During the company’s investors’ day at its Herzogenaurach, Germany, headquarters on Tuesday, CEO Kasper Rorsted laid out an ambitious strategy for the firm’s U.S. growth. Specifically, Adidas’ chief said he expects to see the brand’s revenues climb nearly 50 percent over the next three-plus years to hit $5.3 billion by 2020.
Those results, Rorsted said, will hinge on the firm’s ability to engage athletes and “win in the locker room”; appropriately manage a robust product franchise; aggressively target key markets such as Los Angeles, New York, Atlanta and Chicago; land and sustain prime wholesale partnerships; and, most importantly, execute a second-to-none digital and omni-channel strategy.
“If we don’t get this right, we won’t be successful as a company long-term,” Rorsted said.
While acknowledging Adidas’ vigorous U.S. expansion — the brand’s revenues advanced 30 percent in the region in 2016, bolstered by an 80 percent gain in originals, 40 percent in running and 25 percent in U.S. sports — Rorsted came short of praising the short-term growth, highlighting that his focus is farsighted.
“A high percentage rate is a reflection of what the starting position is,” the CEO said. “It’s easier to have a high-percentage growth when you have a low starting position.”
He added: “What we should not do is try to get a quick resolution to our situation in the U.S. … We’re not in a short-term race here; we’re in a long-term race.”

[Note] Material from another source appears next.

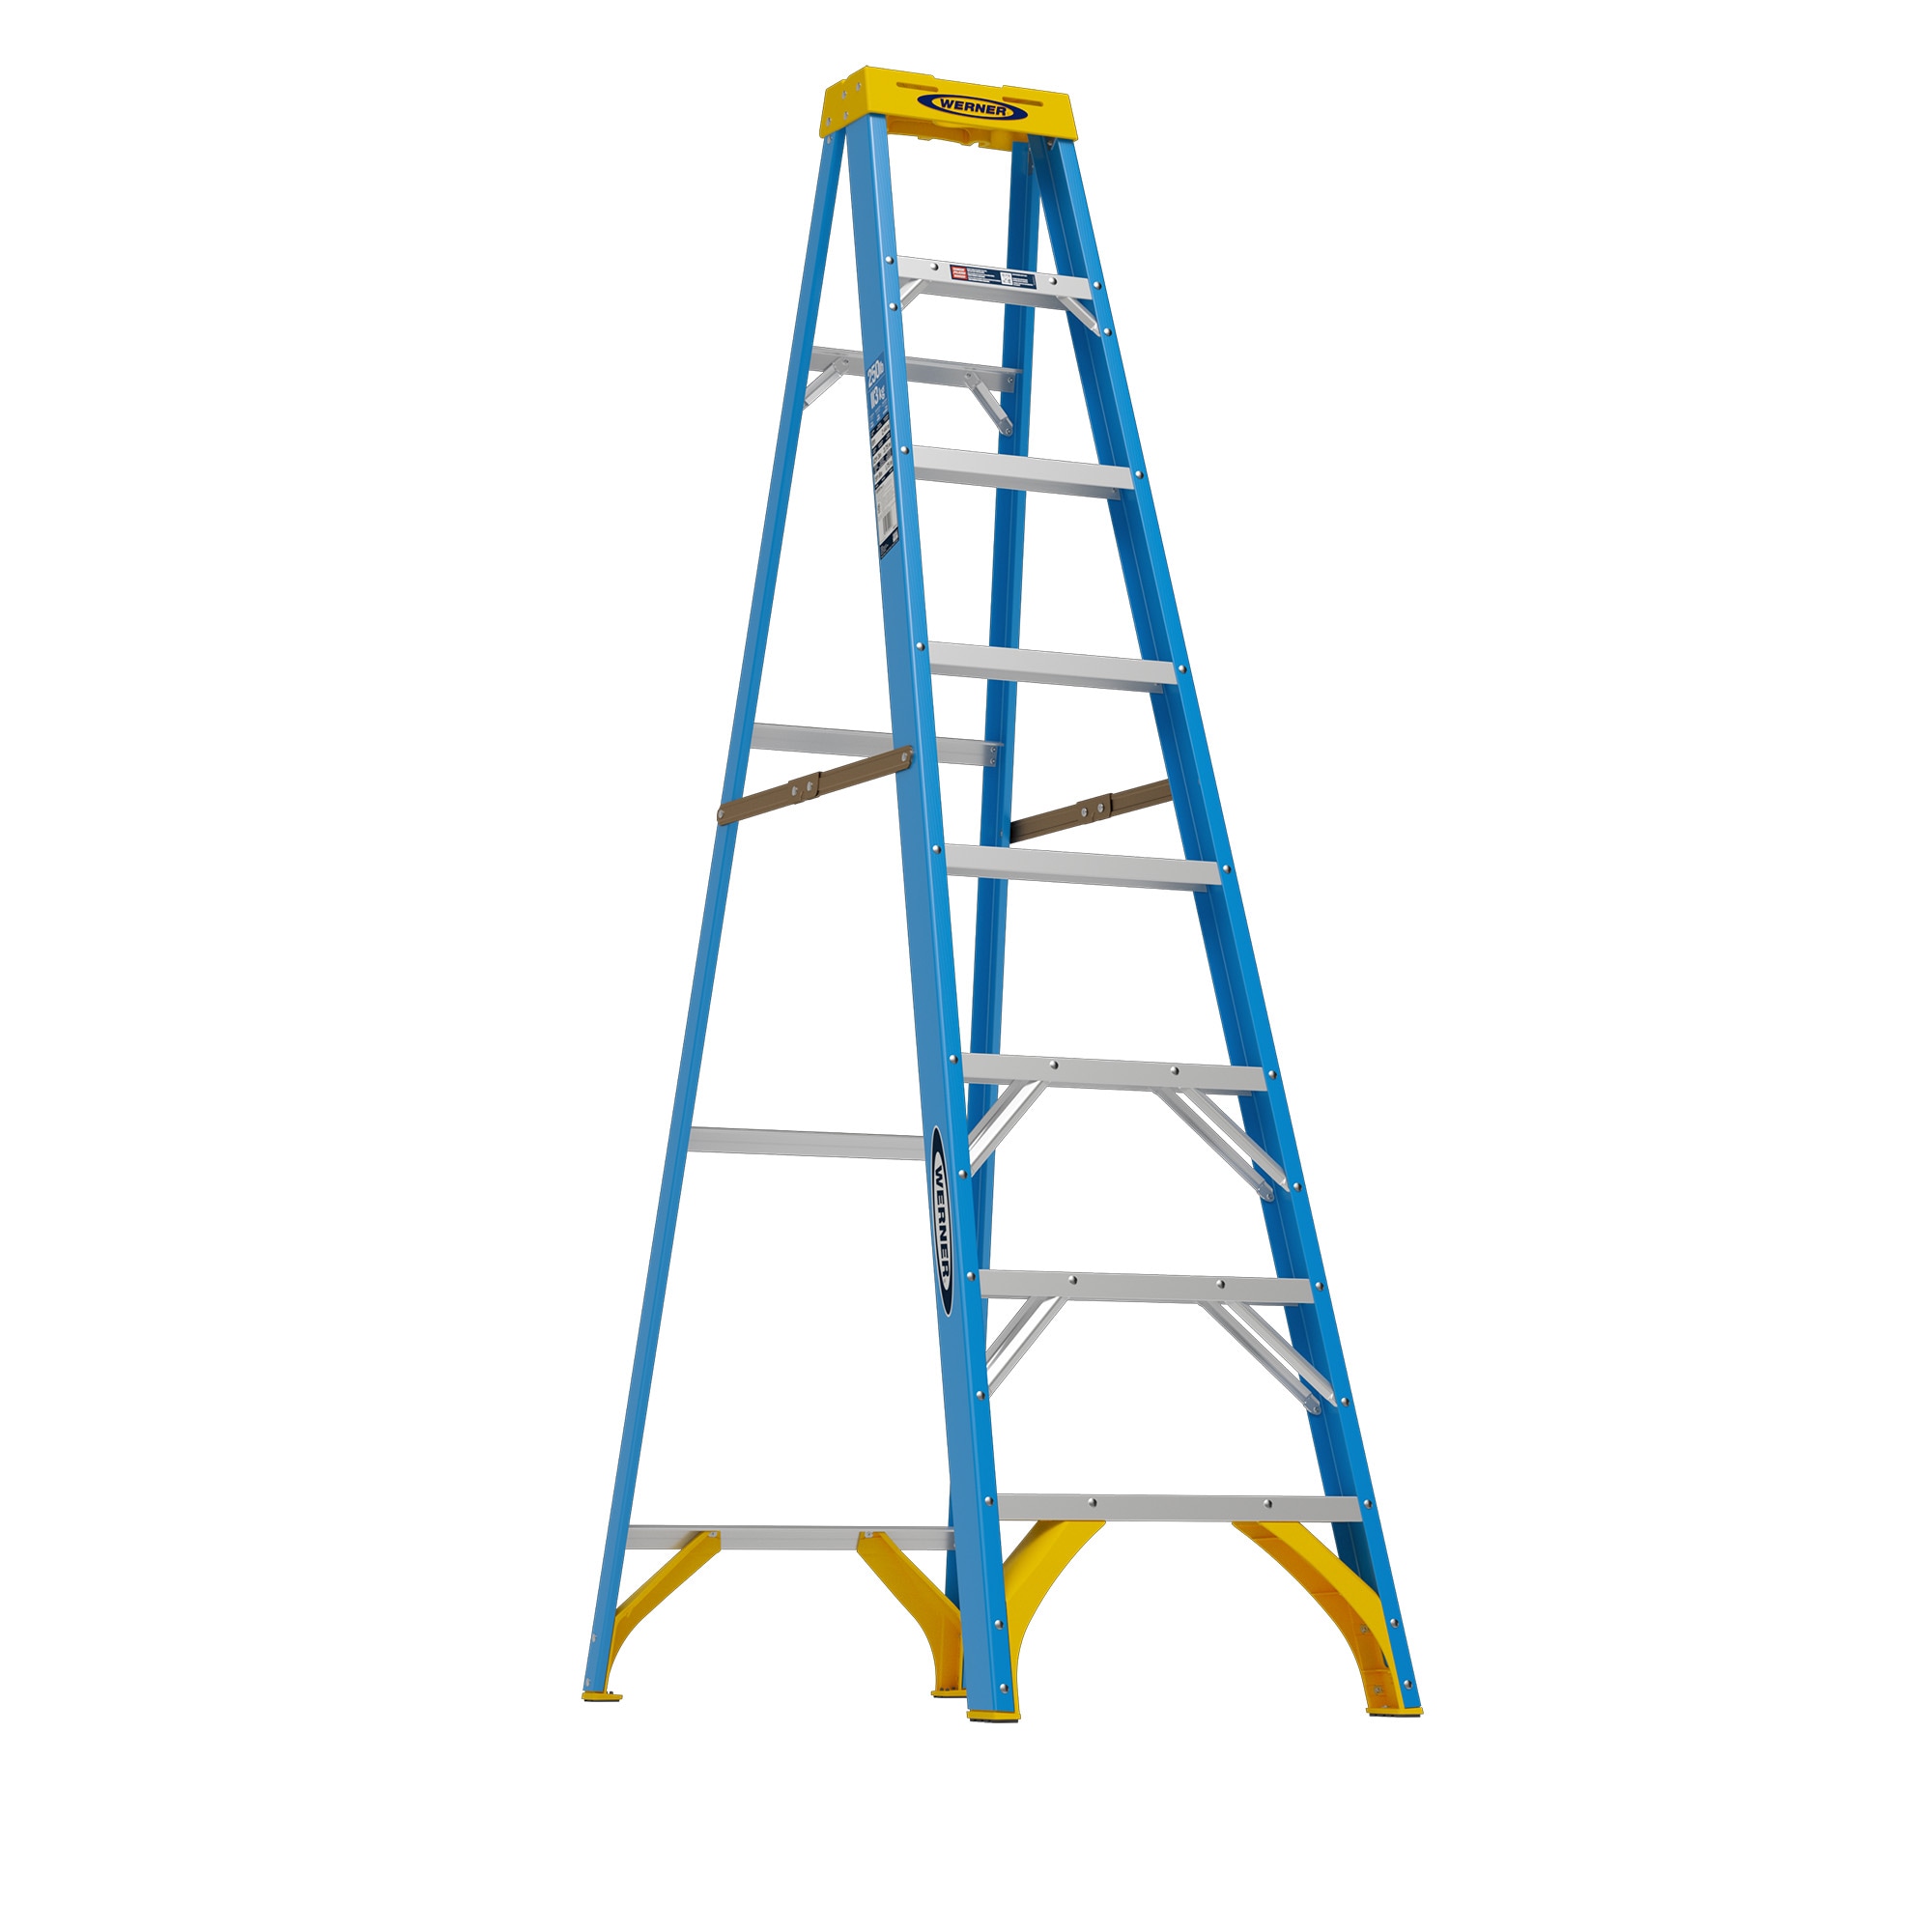 12 Foot Ladder - Product Information, Latest Updates, and Reviews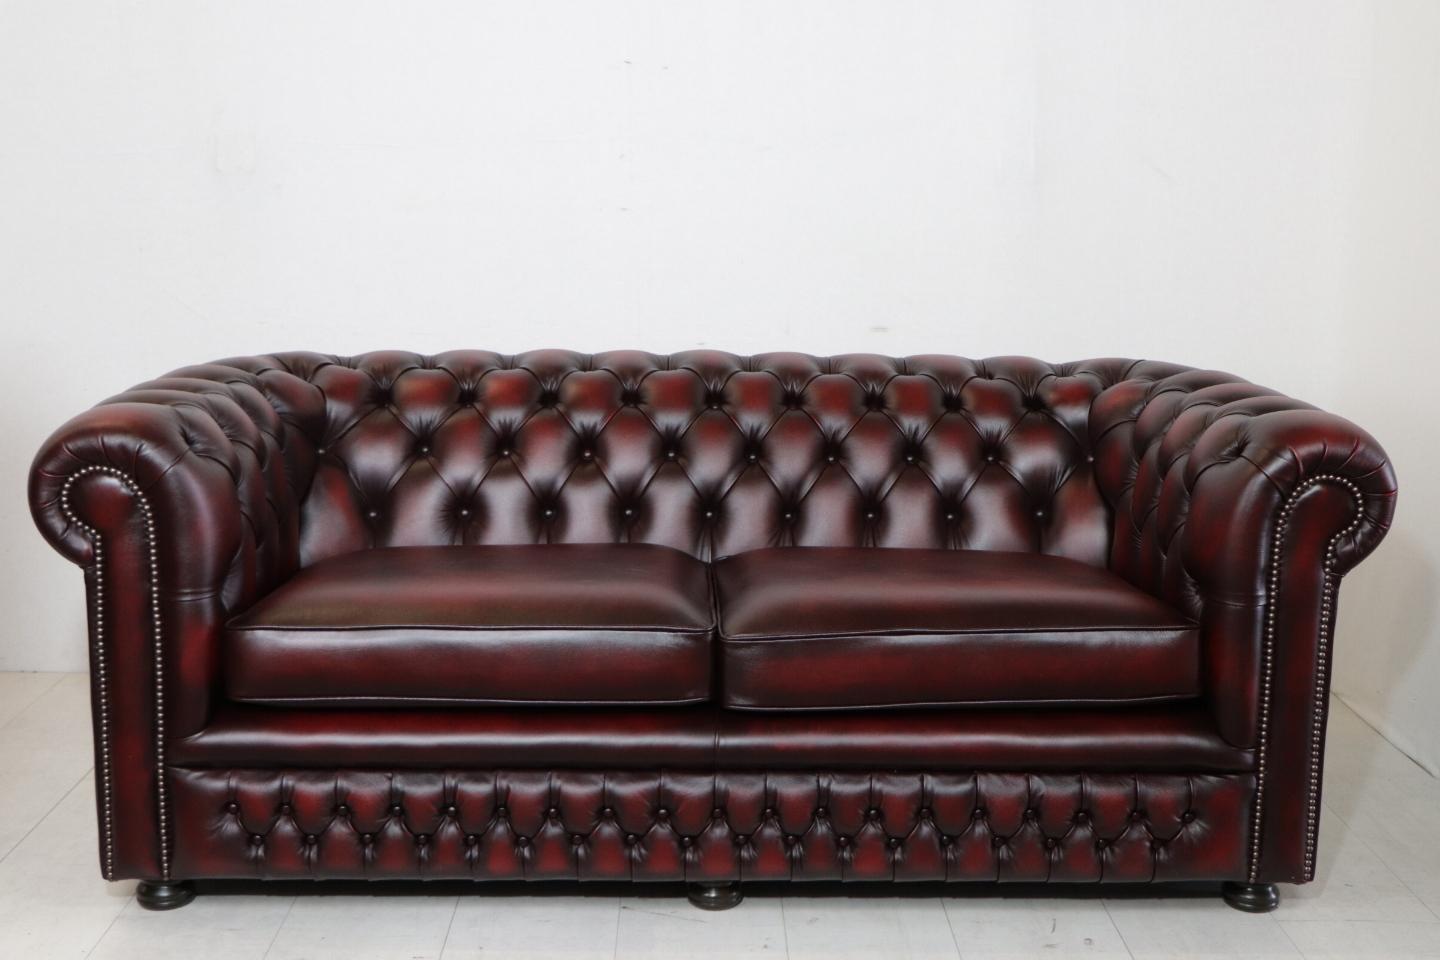 Chesterfield Sofa "London Classic" 3-Sitzer, Birch Antique Red - sofort lieferbar

Rorsted — who joined the firm in October, replacing Herbert Hainer — said he’s looking to digital as the best way to accelerate the brand’s relationship with consumers.
In a CNBC interview today, Rorsted doubled down on his comments regarding a ramped-up digital focus: “It’s clear that the younger consumer engages with us predominately over the mobile device,” he said. “Digital engagement is key for us; you don’t see any TV advertising anymore.”
Adidas’ chief also said during the investors’ day that the brand will target more premium shelf space in U.S. retailers Foot Locker, The Finish Line and Dick’s Sporting Goods.